Whether you’re thinking about modernizing a room in your home or rehabbing an entire house, you’ll want to make sure the money you invest in the project has a positive effect on your home’s value. Before you start tearing up tile, ripping out old plaster or buying that “handyman’s special” you’ve had your eye on, consider consulting a professional real estate appraiser about the economics of your proposed project.

You may receive good advice on questions such as:

  • Is the improvement feasible and marketable?
  • Are neighborhood trends pointing to an upward cycle?
  • How to go about it

When it comes to improving your home, don’t count on a dollar-for-dollar return on every improvement. For example, real estate appraisers have found that remodeling a kitchen or bathroom or adding a room may bring the greatest return on a homeowner’s investment. Some custom installations can actually detract from value, which appraisers call “overimprovements.”

“The latest research shows that home improvements with a relatively low cost are most likely to generate a positive cost-to-value ratio,” says Appraisal Institute President Jim Amorin. “Spending big dollars on major renovations doesn’t necessarily equate to a dollar-for-dollar return. In short: cost doesn’t necessarily equal value.”

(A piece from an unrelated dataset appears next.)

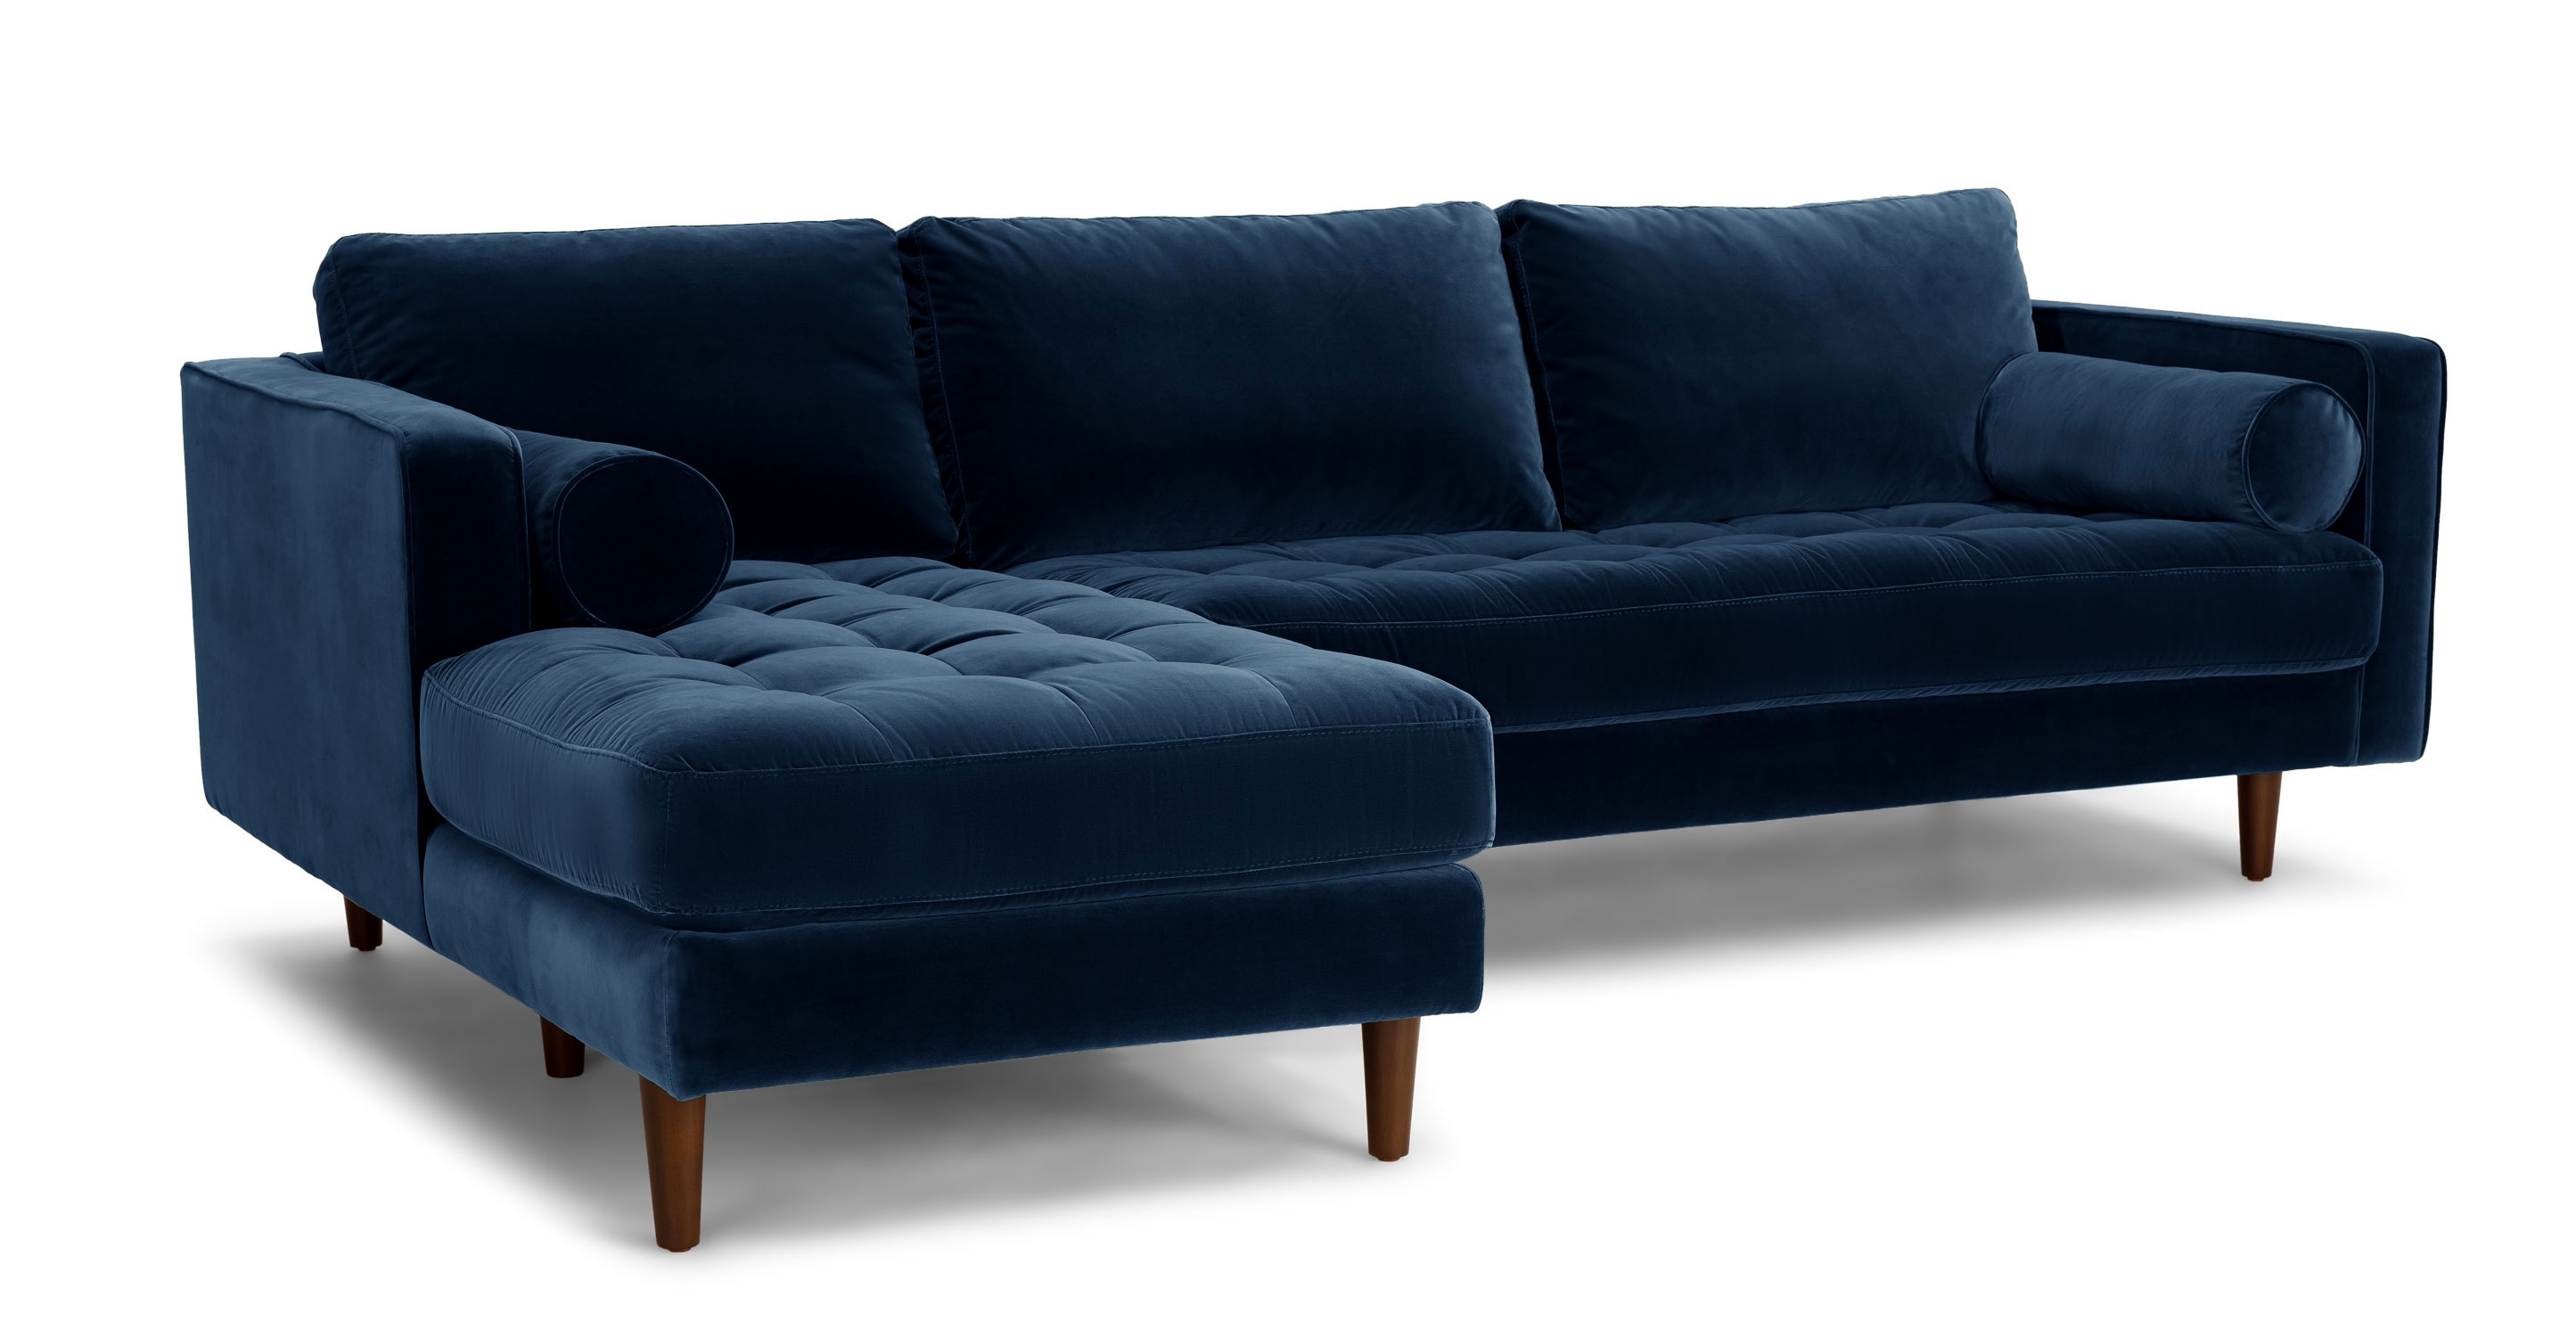 Sven Cascadia Blue Left Sectional Sofa - Image 1

Amorin encouraged homeowners contemplating renovation projects to compare the planned improvement to what’s standard in the community. “Projects that move a home well beyond community norms are typically not worth the cost when the owner sells the property,” he says.

Make sure essential repairs are completed before you start improving — a posh sauna won’t make up for a leaky roof. In fact, simple and relatively inexpensive repairs such as plastering and painting could earn a better return on your investment than some major improvement projects. Many buyers can’t overlook tacky paint colors, old or dirty carpet and ugly kitchen cabinets. Start with freshening up what you already have before adding new features to your home.

When deciding what to improve first, take a look around and find out what other homebuyers want. That way, you’ll select those improvements for which the market is willing to pay. Beware of overimproving.

If you do it yourself, do it right. Keep your improvements consistent with the quality of your home and the character of the neighborhood. If you decide that you can’t do the job yourself, be sure to contact a reputable contractor. Pay a fair price for improvements, not an inflated price.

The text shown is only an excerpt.